By Alfredo Diaz
On February 10, 2009, the first accidental hypervelocity collision between two intact artificial satellites in low Earth orbit occurred when Iridum 33, a 1,234 pound satellite, and Kosmos-2251, a 1,984 pound satellite, collided as they passed over northern Siberia at an altitude of 490 miles, traveling at around 26,170 miles per hour, producing almost 2,000 pieces of debris larger than 4 inches in diameter, and more than 200,000 smaller pieces. A 0.5 mm paint chip traveling at 35,000 km/hr (10km/sec) could puncture a standard space suit; a one-centimeter fragment could damage a space station.

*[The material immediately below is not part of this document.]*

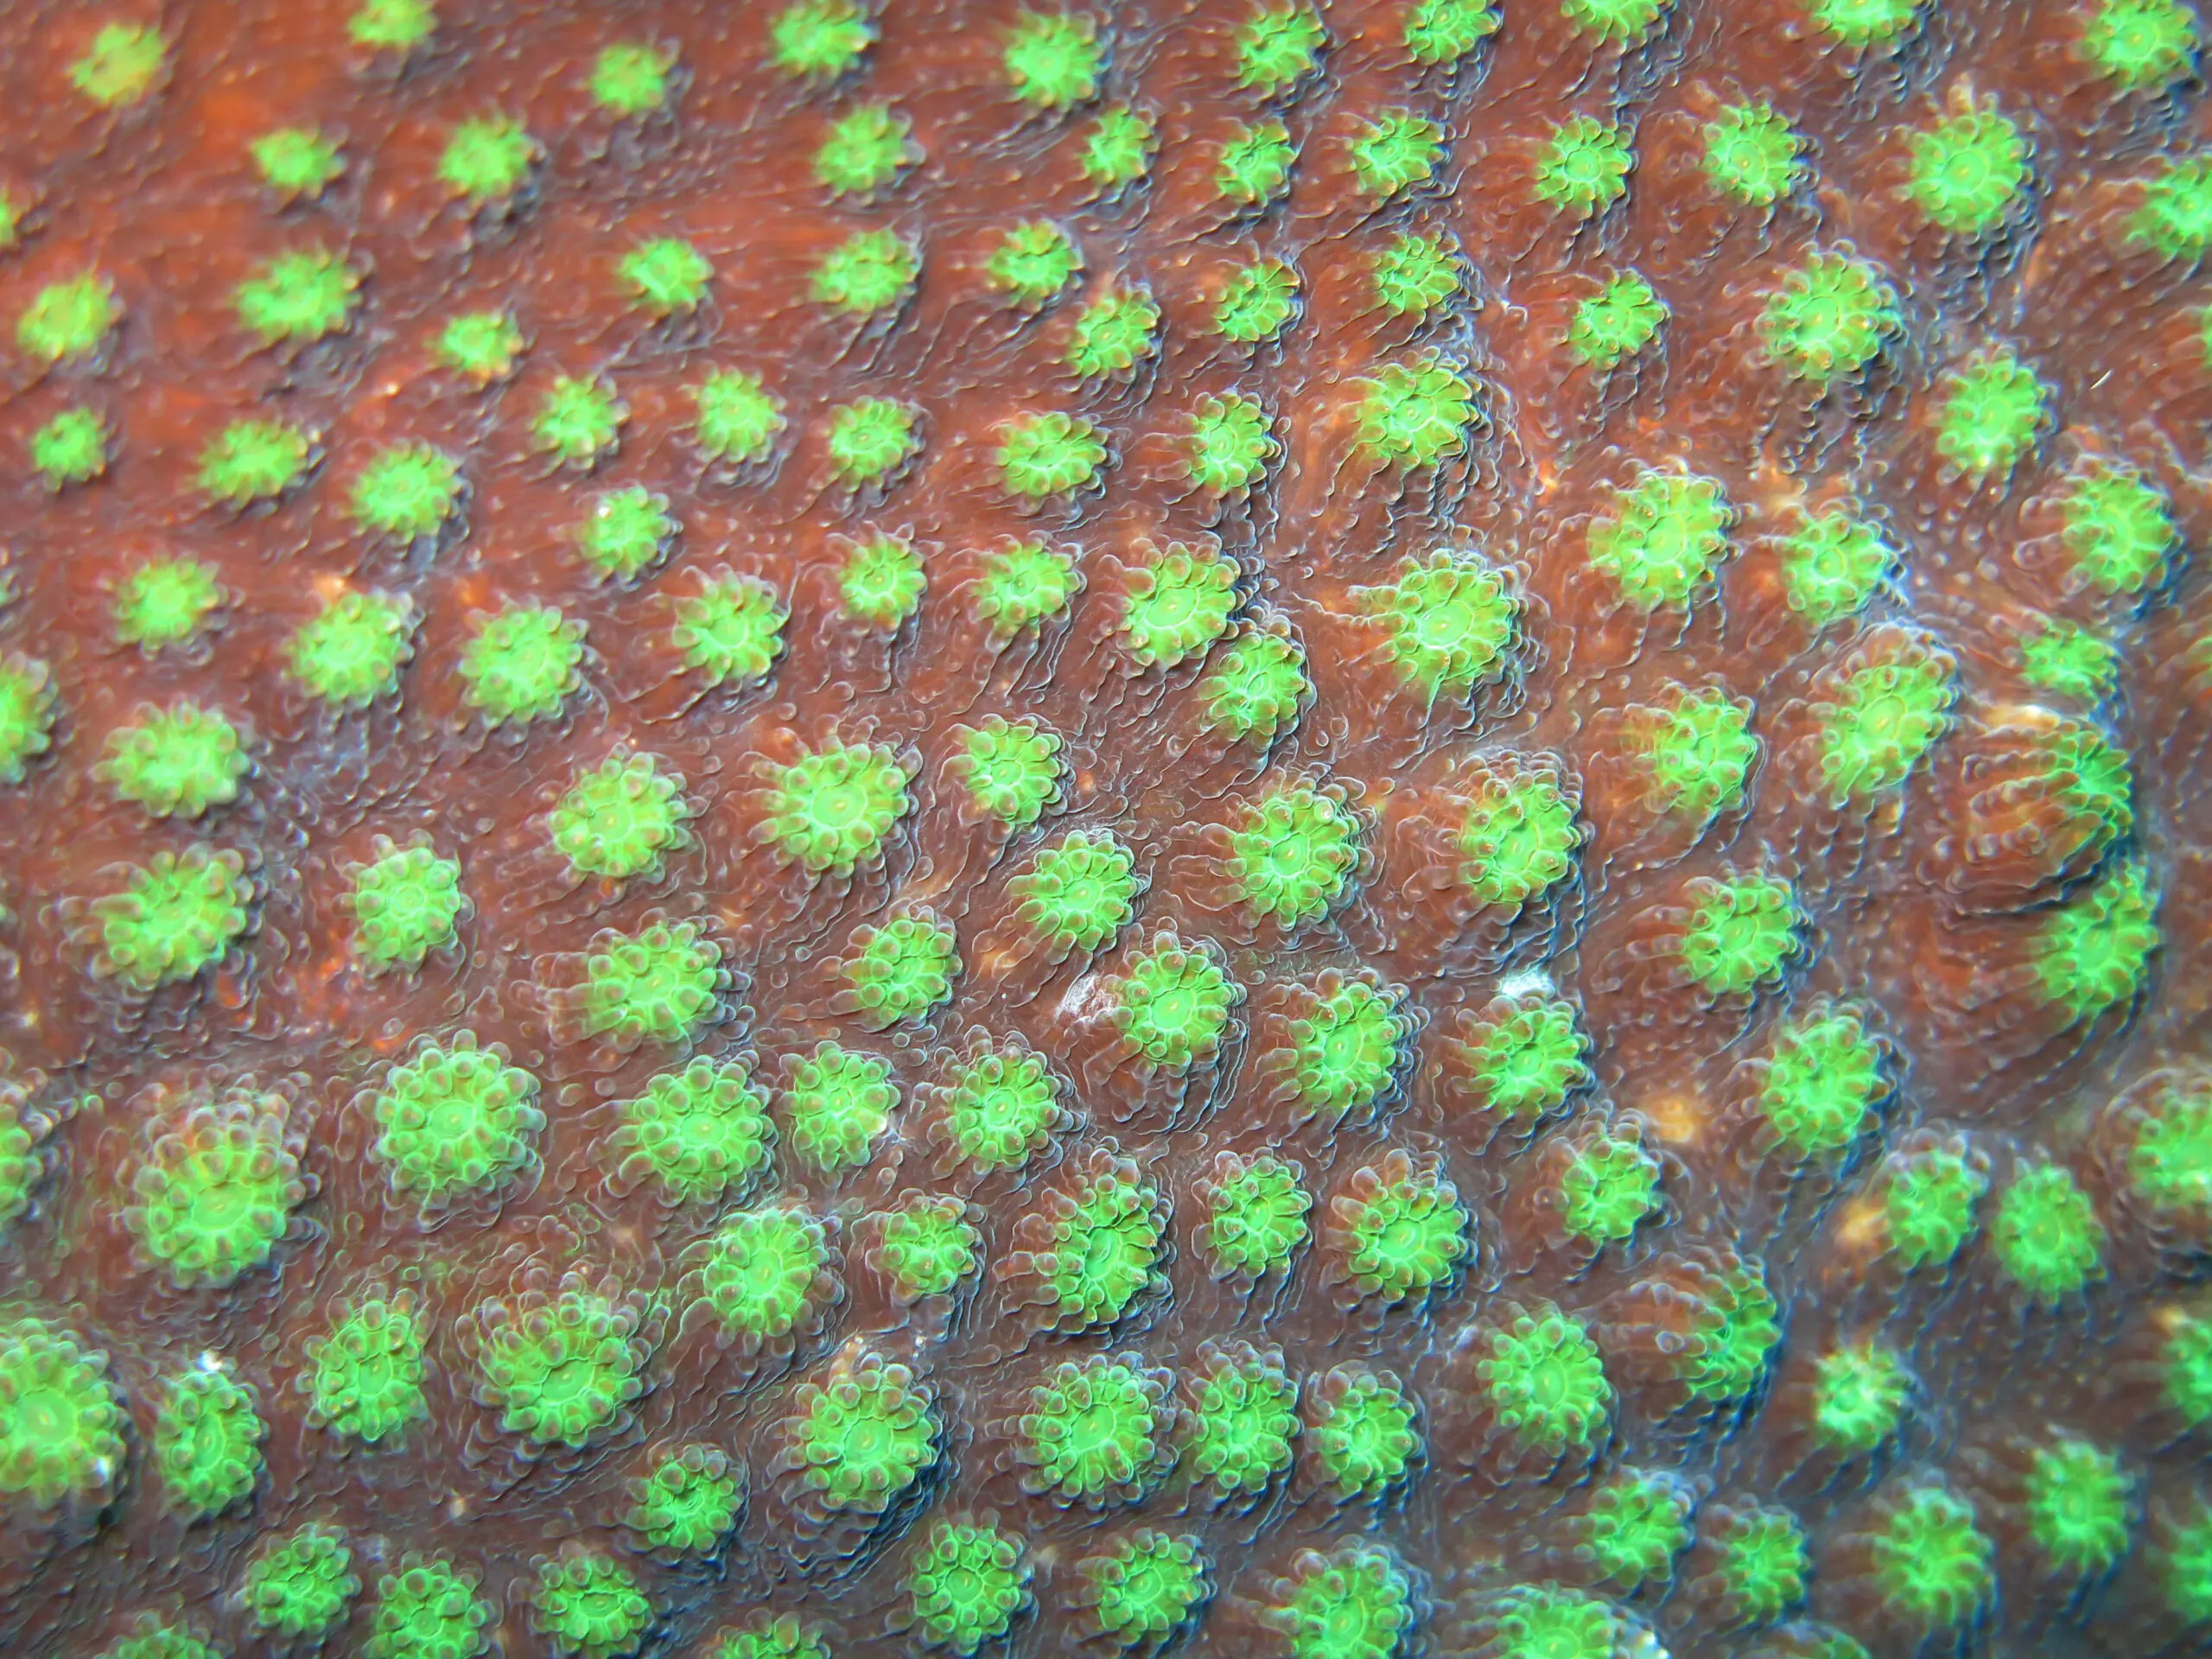 Wandbild (5447) Coral by picture alliance / Arco Images präsentiert: Details und Strukturen,Natur,Sonstige Naturdetails

According to the 1972 Liability Convention, liability for these fragments depends on the Launching State and whether damage occurred in orbit. If the object causes damage to the surface of Earth or and aircraft in flight, a strict liability standard applies—a state is considered strictly liable for any damage caused by a space object launched even in the face of circumstances that are outside of its control. If the space object causes damage some place other than the surface of Earth, a fault standard is applied.
How this all plays out, we do not truly know. The Liability Convention has also never been formally invoked—all incidents to date that could have resulted in potential claims under the Convention, including the Iridium-Cosmos collision, have been settled by the respective countries outside of the Convention. Still, someone will have to clean all of this up— international space law deems fragments and components from space objects as individual space objects in and of themselves, requiring identification to determine the owner and either individual or blanket consent to remove it from orbit, as there is no right of salvage analogous to the right in maritime law.